Passphrase-gated DEK, TTL/boot
unlock token, failed-attempt
backoff (within-boot, wall-clock,
persisted bootsSinceFail).
MESHTASTIC_PHONEAPI_ACCESS_CONTROL per-connection auth gate. Secrets
emitted as empty proto structs
to unauthenticated clients.
MESHTASTIC_ENABLE_APPROTECT one-way UICR APPROTECT, reset
applied same boot. Recoverable
only via \`nrfjprog --recover\`,
which also wipes the DEK.
LockdownDisplay screen shows "LOCKED" when locked
or idle 30s. OLED only; InkHUD /
niche / device-ui not yet wired.
Wire format is the LockdownAuth / LockdownStatus pair from
meshtastic/protobufs#911 (AdminMessage tag 104, FromRadio tag 18).
Access-control state is a file-scope 6-slot table in PhoneAPI.cpp
keyed by \`this\`, not class members. Adding *any* per-instance field
to PhoneAPI breaks USB-CDC enumeration on the current nRF52 Adafruit
framework, one volatile bool was enough. Out-of-line side-steps it.
lockdown_auth is handled synchronously in PhoneAPI::handleToRadioPacket
rather than routed through the mesh Router into AdminModule. Two
reasons: the passphrase never travels through a routed MeshPacket
queue, and per-connection authorization runs while \`this\` is still on
the call stack. The previous async-via-router design lost connection
identity (g_currentContext was null by the time AdminModule processed
the auth), so per-connection unlock never actually took effect on the
originating client.
Non-nRF52: #warning, only DEBUG_MUTE activates. tools/lockdown_provision.py
drives provision / unlock / lock-now / watch over USB.

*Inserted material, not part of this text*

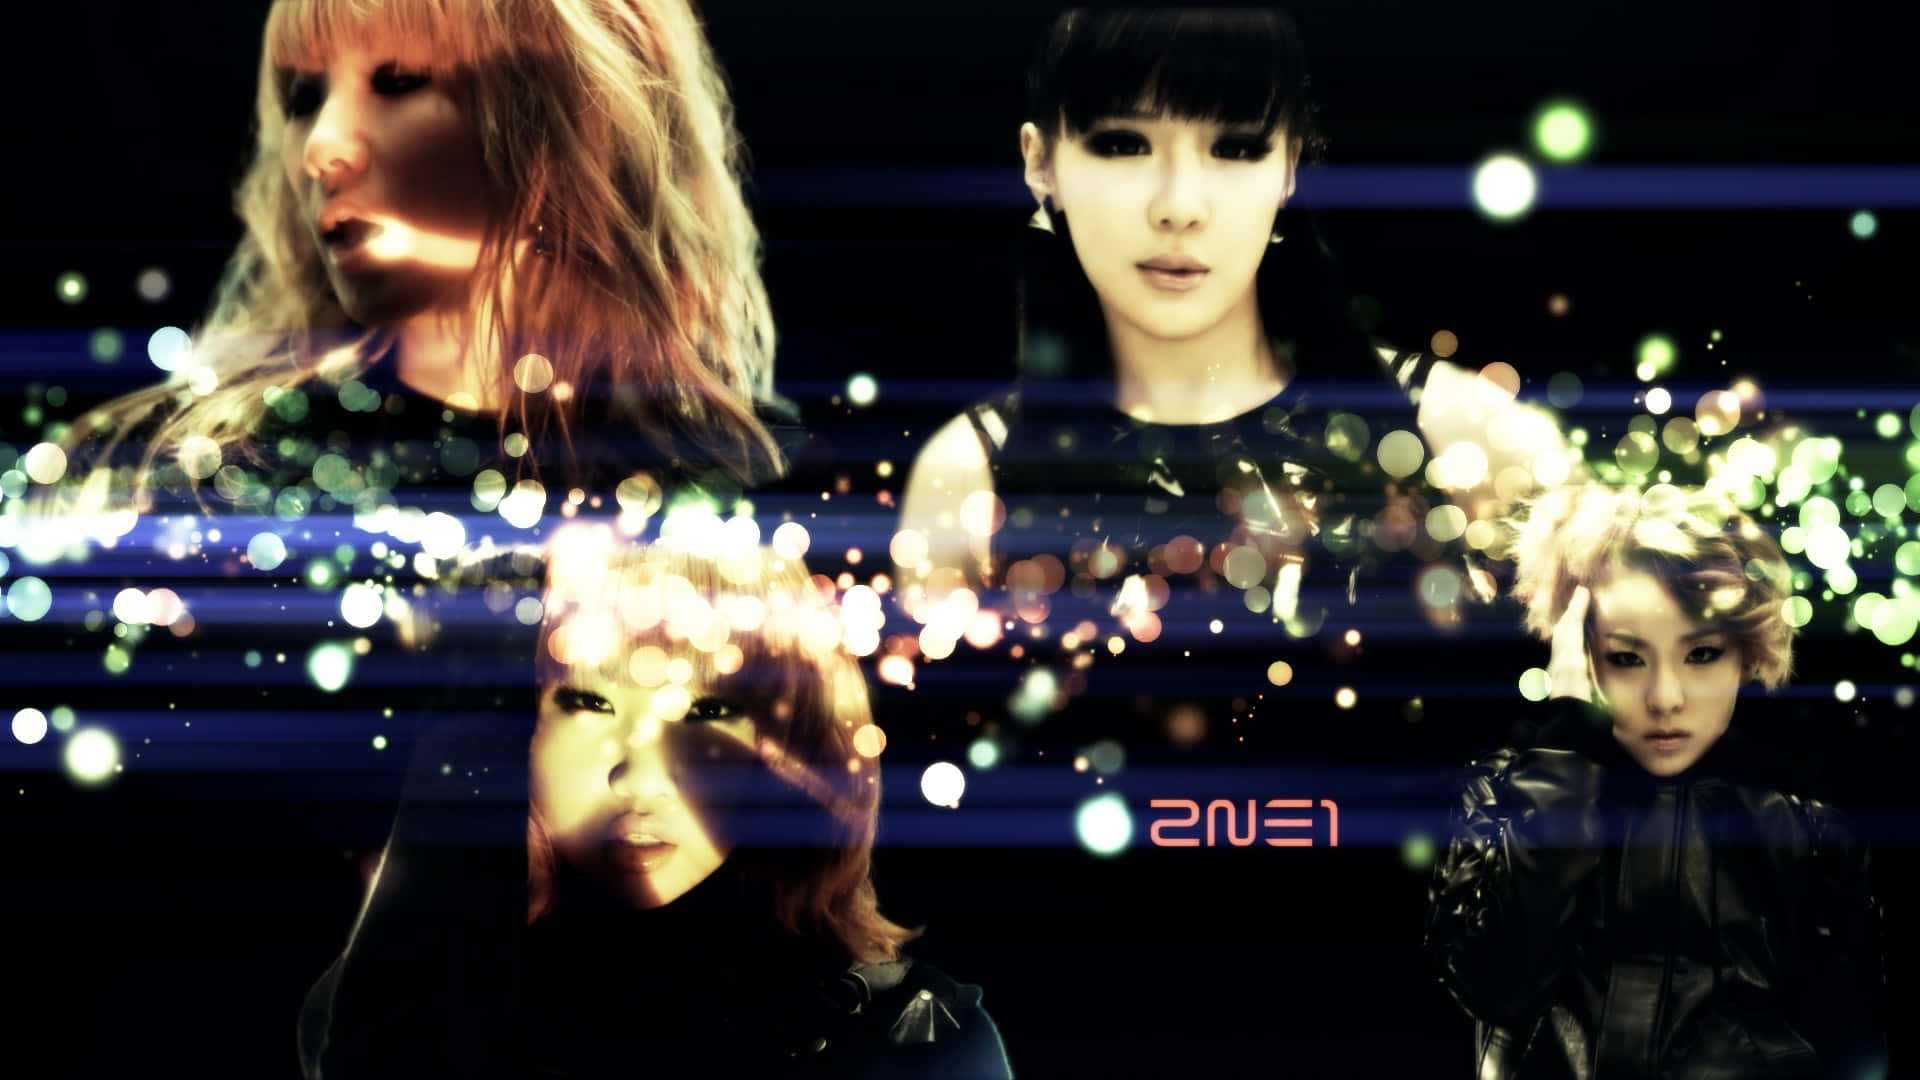 Upbeat and Colorful: 2NE1 performs at the MTV EMAs

Display privacy is a screen-lock latch separate from storage-lock
state: shouldRedactDisplay() is true when storage is locked OR the
latch is set. Screen::setOn(false) sets the latch when the stock idle
timeout powers the display off (reusing config.display.screen_on_secs,
no second timer); it is cleared only when a client authenticates with
the passphrase. A device idling on the mesh keeps routing but hides
its screen until re-auth; button input wakes the backlight to the
LOCKED frame, not content. The earlier lockdown-specific 30s idle
timer is removed — it duplicated PowerFSM idle detection and showed a
misleading LOCKED screen on a merely-idle device.
Unlock-token TTL fix: a token carrying both a boot-count and a
wall-clock TTL is no longer destroyed when the RTC is invalid at cold
boot. The boot count is independently verifiable without a clock, so
the token falls back to boot-count enforcement instead of being
deleted. A token is only hard-rejected when its wall-clock TTL can be
evaluated and is found expired.
NodeDB::reloadFromDisk() after unlock is deferred to the main loop via
lockdownReloadPending rather than run inline on the transport callback
stack — the reload is too heavy for the BLE/serial task stack and was
resetting the device immediately after a successful unlock.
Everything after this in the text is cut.